Offline Yue-Wen Fang

  • Heavy QuantumATK user
  • ***
  • Posts: 29
  • Country: cn
  • Reputation: 0
    • View Profile
Re: phonon bandstructure calculation: caused collective abort
« Reply #4 on: August 31, 2015, 09:16 »
Dear Prof. Jess,

 Yes, I have repeated the structure, thus the supercell was quite large. Based on your previous instructions, I used several nodes with large memory (24G/core) to calculate it, but it still failed. On the other hand, I could run the same script in my windows PC with a total of 8G memory and 4 cores and it was very fast. Besides, I also realized that when I use a command in the terminal of the server, i.e. atkpython < .py >.log, it was also much faster than the jobs submitted by job.pbs. It's really a tricky thing. So I think this error could be caused by my job.pbs.

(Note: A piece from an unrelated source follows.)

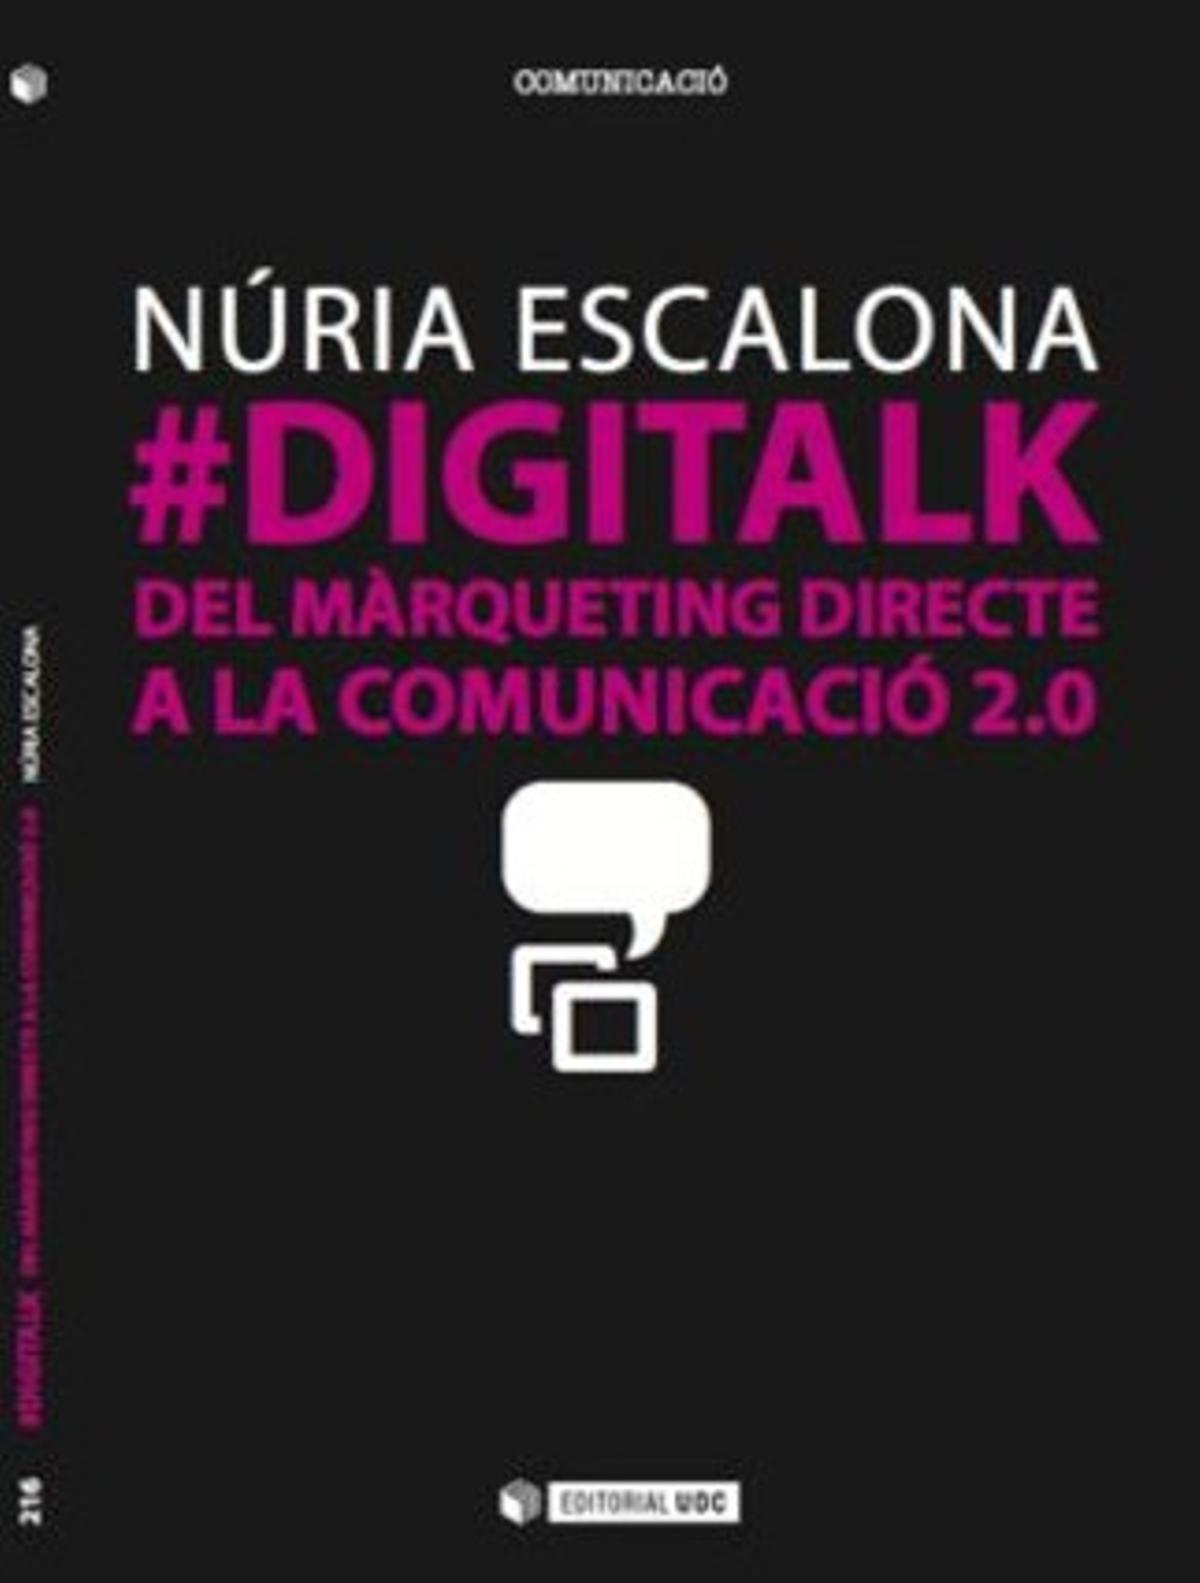 La publicista Núria Escalona publica el libro '#DIGITALK: Del màrqueting directe a la comunicació 2.0'.

 Could you have a look at it for me? Please see the attached.

Great thanks.


Offline Jess Wellendorff

  • QuantumATK Staff
  • Supreme QuantumATK Wizard
  • *****
  • Posts: 933
  • Country: dk
  • Reputation: 29
    • View Profile
Re: phonon bandstructure calculation: caused collective abort
« Reply #5 on: September 2, 2015, 13:05 »
I'm not really an expert on PBS, but parallelization strategy can be tricky for phonon calculations. Essentially, ATK will try to parallelize over as many displacements as possible. However, each of these parallel processes work on the fully repeated system, which is memory-intensive. This may be why the cluster calculation did not go well. Please also see the paragraph "Running the phonon bandstructure calculation" in this tutorial: http://quantumwise.com/publications/tutorials/item/836-silicon-phonon-bandstructure.

Offline Yue-Wen Fang

  • Heavy QuantumATK user
  • ***
  • Posts: 29
  • Country: cn
  • Reputation: 0
    • View Profile
Re: phonon bandstructure calculation: caused collective abort
« Reply #6 on: September 2, 2015, 16:43 »
Hi again,

I modified some parameters in my job.pbs and now it works well though I don't know how it works.

It's very dependent on the environmental variables.  I also reproduced the results with other users on the same server, it becomes very fast.